#1

Kevin Scaldeferri put together an article named “Secrets of a NRQL Wizard” that I refer to regularly for an advanced NRQL refresher.

At the bottom the article, there is a discussion of Pearson Correlation Coefficient.

Formula:
( count() * sum(x * y) - sum(x) * sum(y) )/ ( sqrt(count() * sum(pow(x,2)) - pow(sum(x),2)) * sqrt(count(*) * sum(pow(y,2)) - pow(sum(y,2))) )

His example uses databaseCallCount and duration.

I want to correlation response time (duration) and external service calls (externalCallCount). I haven’t gotten it to work yet.

Here’s my NRQL:
SELECT
SELECT (count() * sum(duration * externalCallCount) - sum(duration) * sum(externalCallCount)) / (sqrt(count() * sum(pow(duration,2)) - pow(sum(duration),2)) * sqrt(count(*) * sum(pow(externalCallCount,2)) - pow(sum(externalCallCount,2)))) AS ‘pearson correlation’ FROM Transaction WHERE appName=’’ AND externalCallCount IS NOT NULL

When executed I get: NRQL Syntax Error
Not supported: Call{target=Id{name=‘sum’, isQuoted=false}, arguments=CallArguments{positionalArgs=[Id{name=‘duration’, isQuoted=false}], kwargs={}}} (at line 1 column 141)

Has anyone else successfully gotten the Pearson Correlation Coefficient formula to work?

#2

That’s an interesting one @CHRISTOPHER.MCKENNA - I have not been able to get that query to work either.

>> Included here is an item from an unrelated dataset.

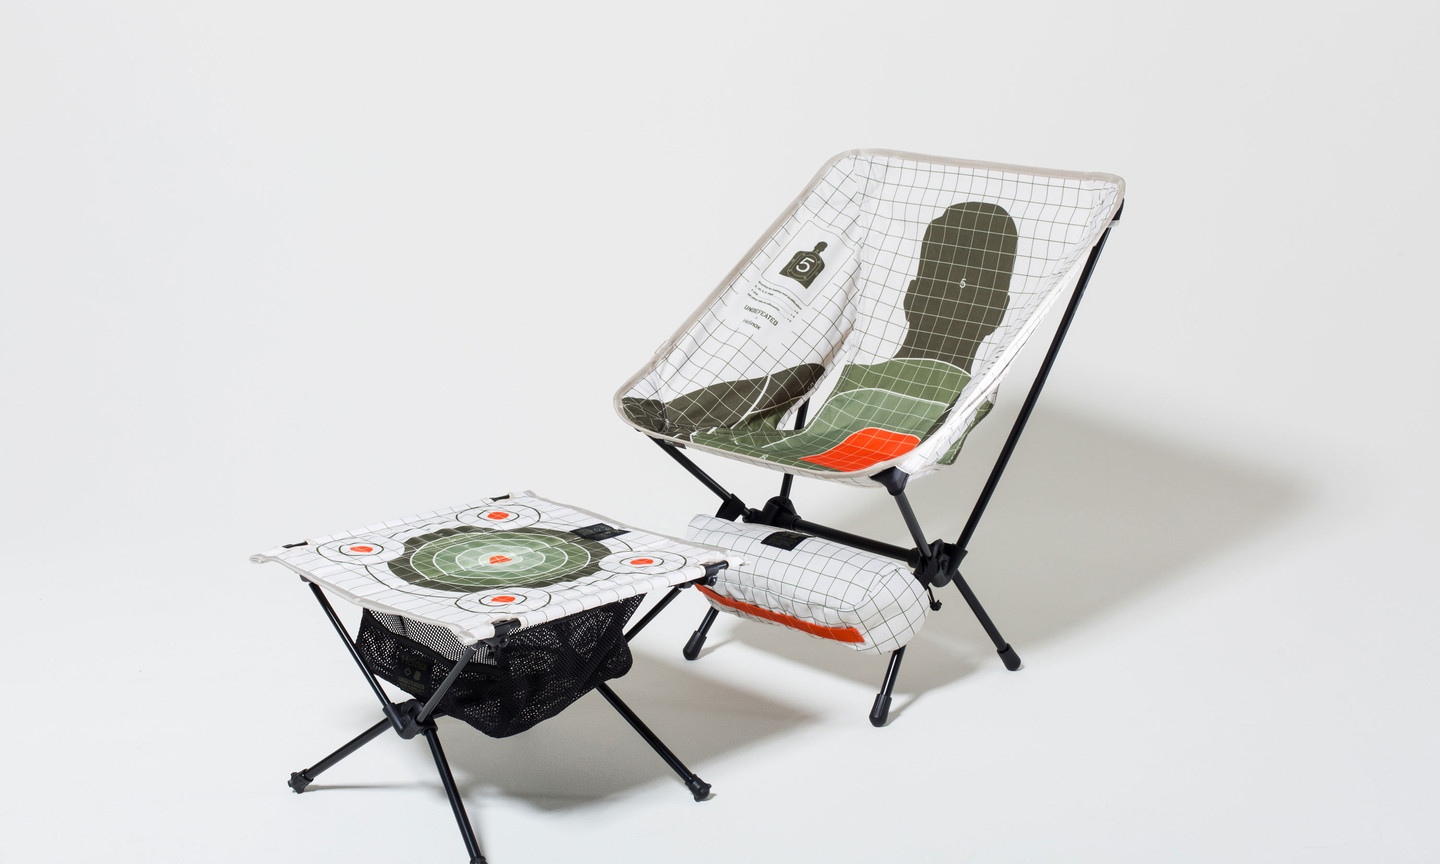 UNDEFEATED 联手 Helinox 推出折叠桌椅胶囊系列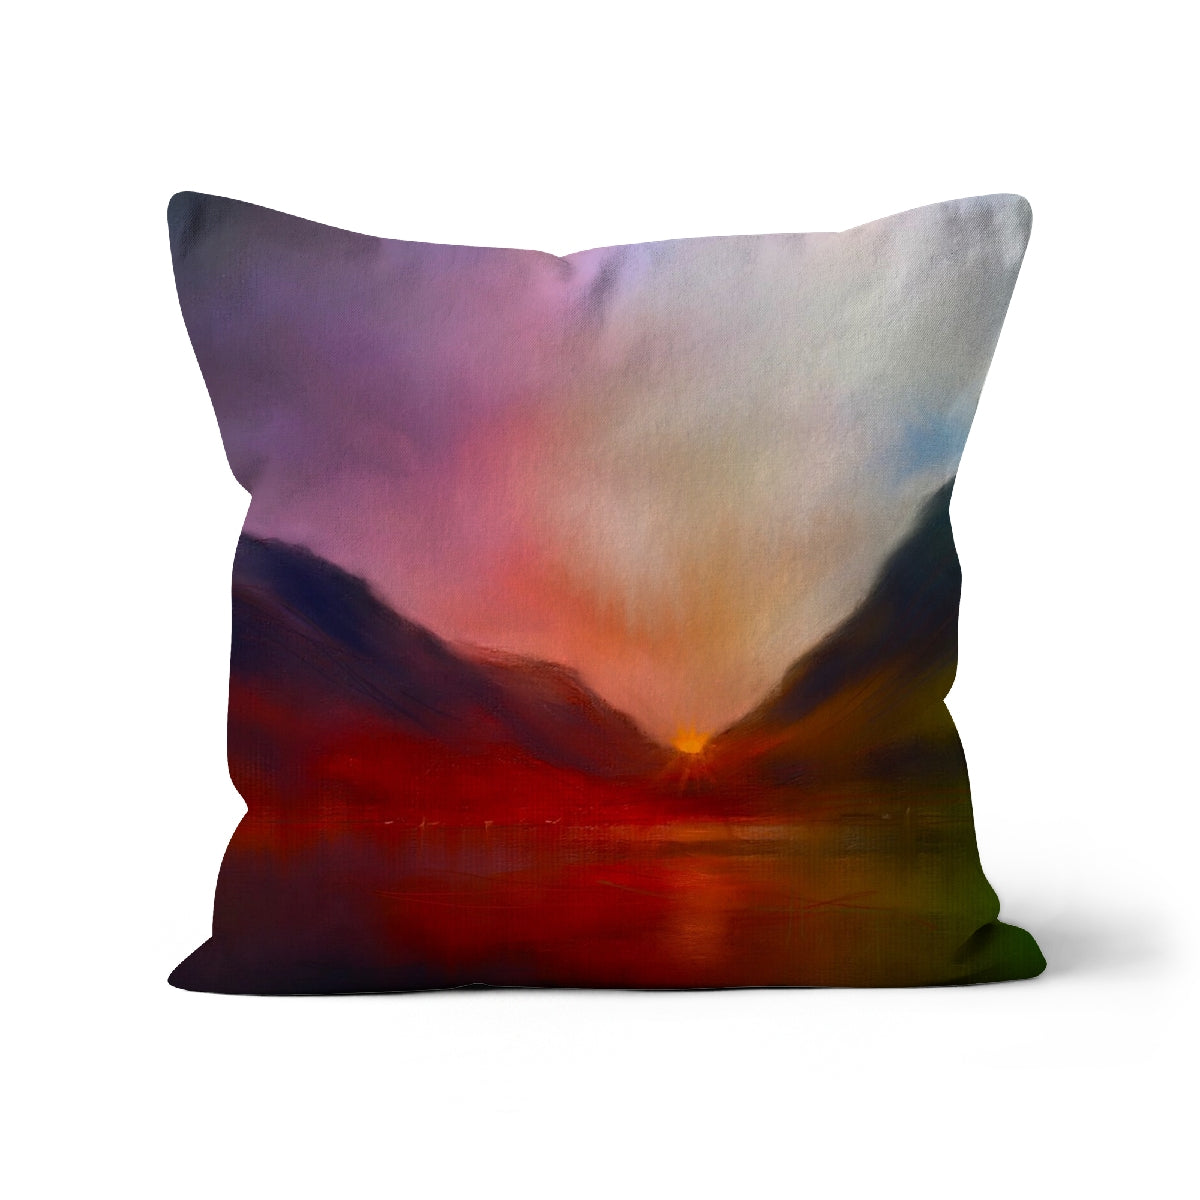 Glencoe Sunset Art Gifts Cushion-Cushions-Glencoe Art Gallery-Canvas-22"x22"-Paintings, Prints, Homeware, Art Gifts From Scotland By Scottish Artist Kevin Hunter

Let’s ping Kevin to see if he could shed some light on that query @kscaldeferri

#3

It looks like there’s a small typo in your formula. `pow(sum(externalCallCount,2))` should be `pow(sum(externalCallCount),2)`. I was able to get
`SELECT (count(*) * sum(duration * externalCallCount) - sum(duration) * sum(externalCallCount)) / (sqrt(count(*) * sum(pow(duration,2)) - pow(sum(duration),2)) * sqrt(count(*) * sum(pow(externalCallCount,2)) - pow(sum(externalCallCount),2))) AS 'pearson correlation' FROM Transaction WHERE appName='...' AND externalCallCount IS NOT NULL`

to work for me. (For other readers, note that in the original post, `count(*)` is being rendered incorrectly in a couple places.)

Glad to hear that you’ve gotten value from the post #4

Thank you for your response @kscaldeferri . One parenthesis can throw the whole thing off.

I’m curious, can I use the coefficient to correlate throughput and response time using NRQL?